Without thinking, he reached up and gingerly touched the stubble on his cheek. He flinched. The skin underneath was still swollen and stiff and raw. Well, maybe he was better off without a mirror. He wasn't going to be able to shave for a while anyway.
He made his way out of the bathroom, to the door of the bedroom. He was still fighting off nausea, but it was getting better. He grasped the knob and hesitated for a moment. The spooky idea came to him that he might be locked in here. He would hate that. But no. The knob turned, the door opened. He padded out.
Here was another room, another white room with no windows or pictures or anything, just white walls. It was bigger than the bedroom, much bigger. There was some furniture here, too. A table, a couple of chairs, a low white dresser against one white wall-plus a white refrigerator. There was also another door. Maybe a door to the outside. Shannon decided to ignore it for now. He wasn't feeling steady enough to go out. Not to mention the fact that his butt was waving in the breeze.

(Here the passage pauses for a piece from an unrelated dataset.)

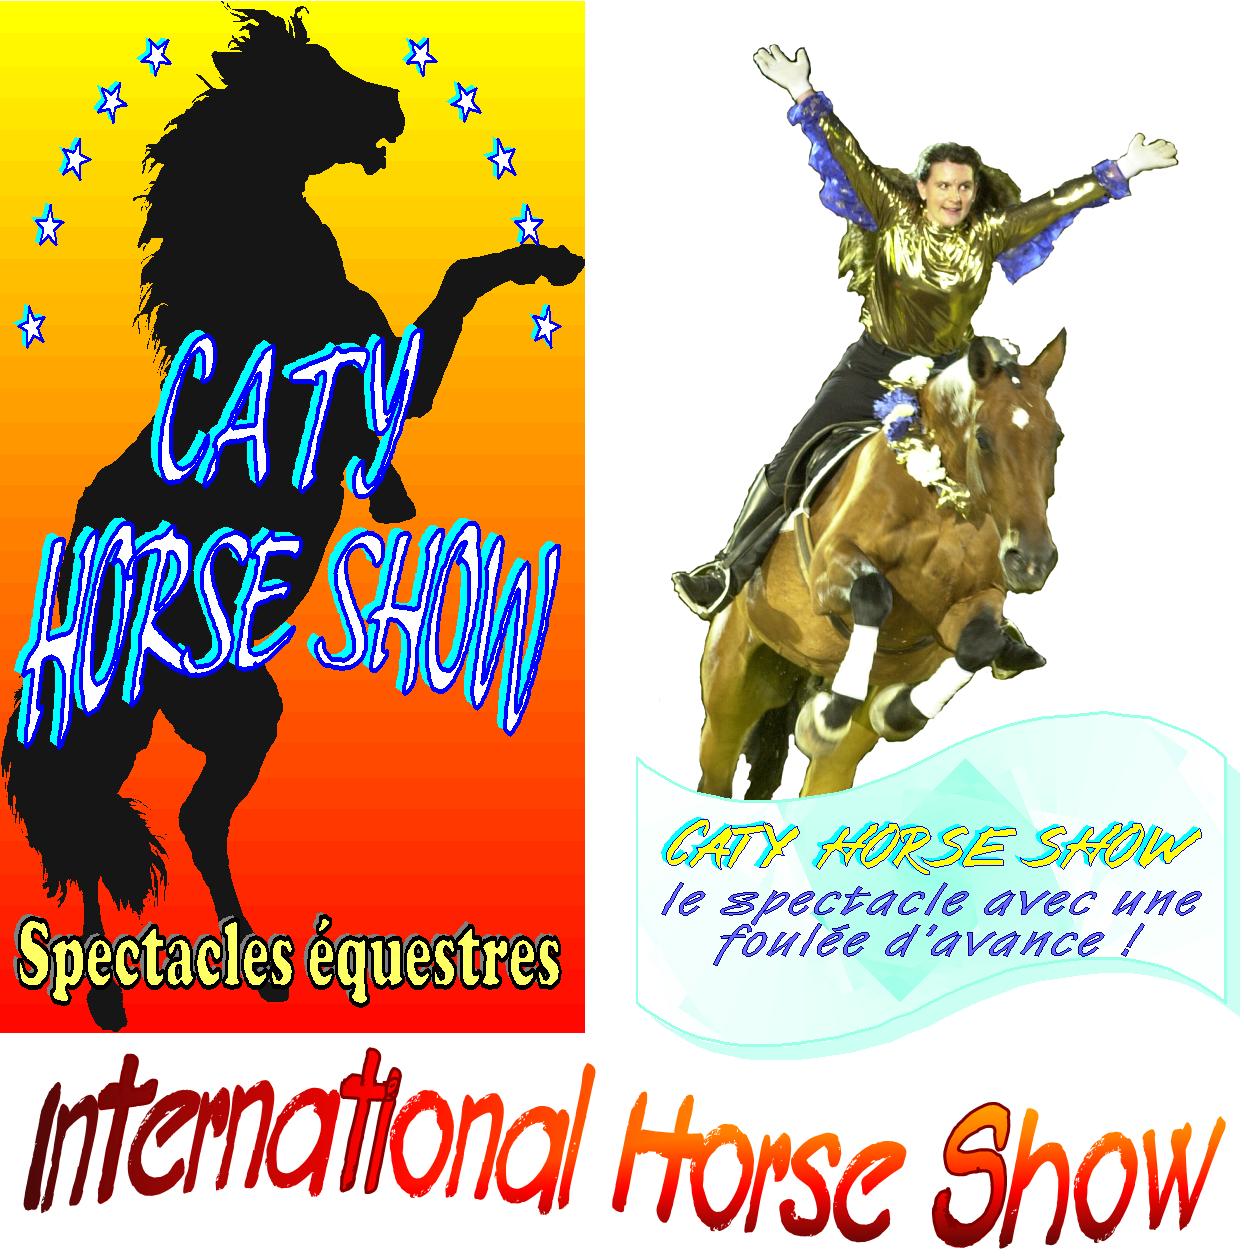 CATY HORSE SHOW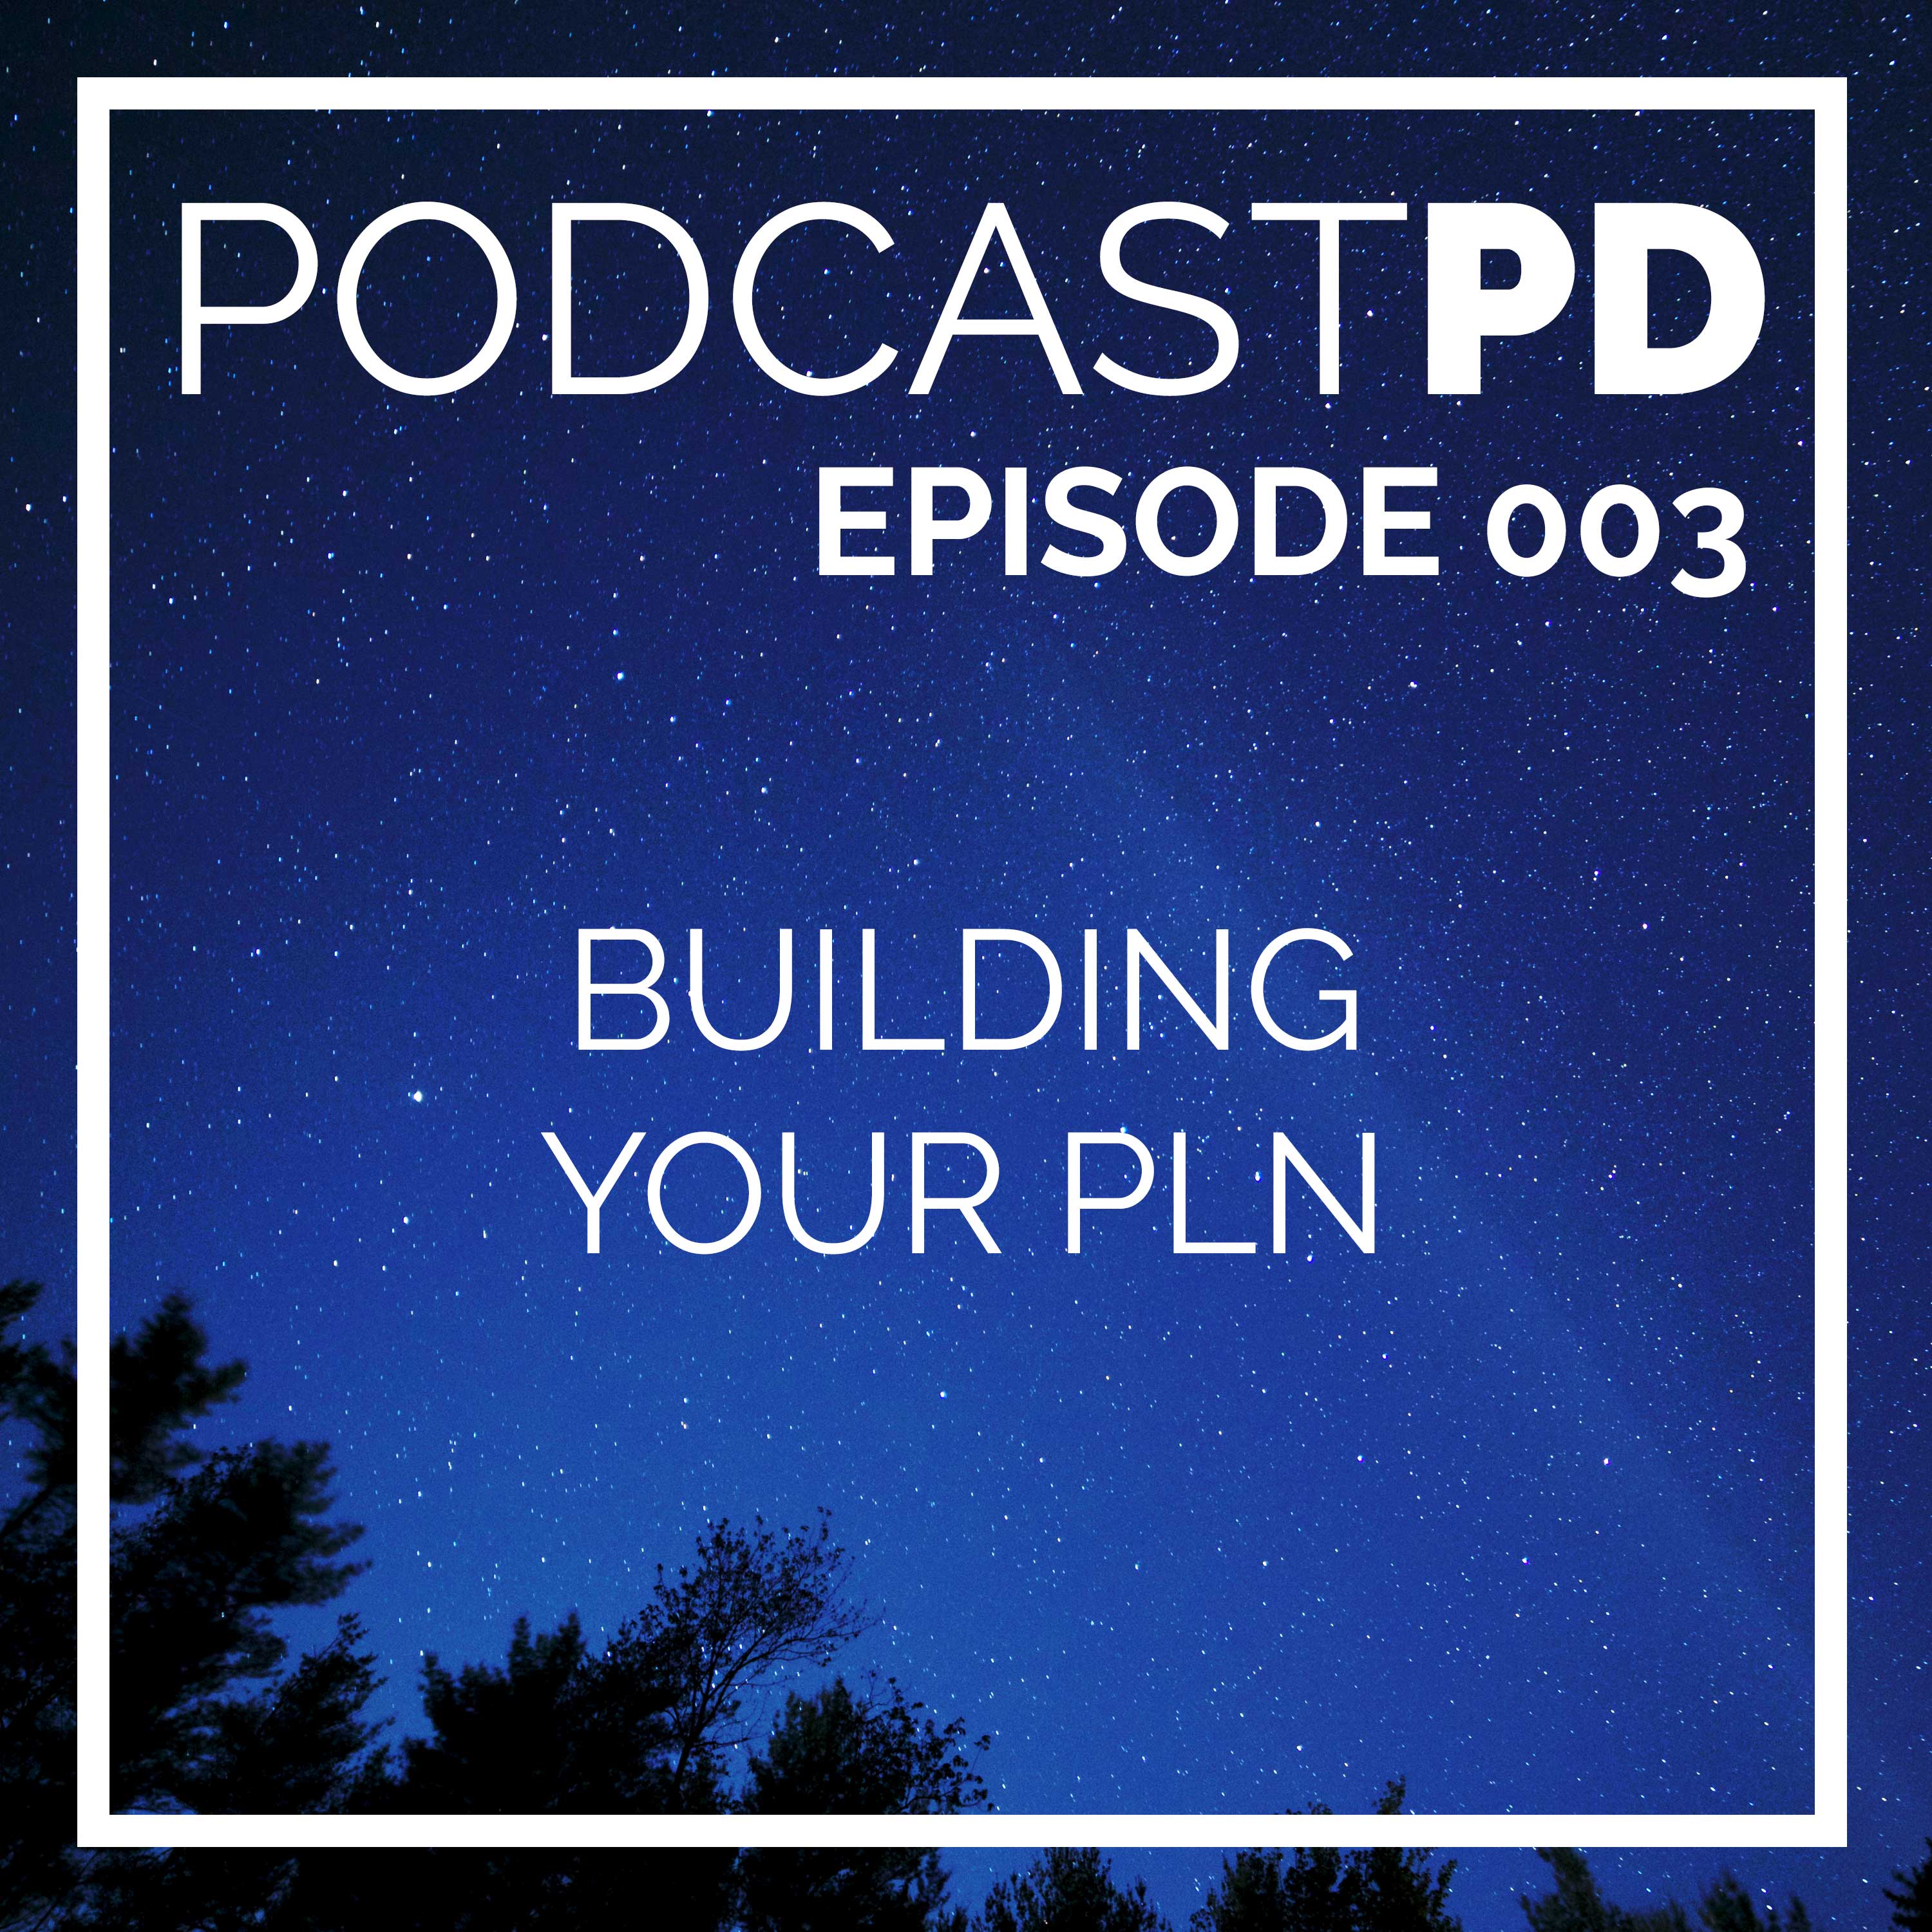 Building Your PLN - PPD003 Image

He went to the refrigerator instead. Opened it. Found a sandwich inside and a carton of milk and a whole chicken wrapped in plastic. There was also a bowl with some oranges and apples. He tried a bite of one of the apples, but he could barely swallow it. He was too sick. He tossed what was left back in the bowl. It was nice to know it was there anyway. It would come in handy when his stomach stopped feeling like Adventureland.
He went to the dresser. Pulled open a drawer. Clothes! Now this was good. This was a big find. It lifted his heart. He opened the drawers one by one. Black jeans and blue jeans, underwear, socks, sweatshirts, T-shirts, even a couple of pairs of sneakers, all in his size. He lost no time about it. He got himself dressed right then and there, ignoring the throbbing pain in his head when he pulled the sweatshirt down over it, wincing through the burn on his arm when he worked it into the sleeve. No, this was really good. Getting dressed. It made him feel much better, much more human.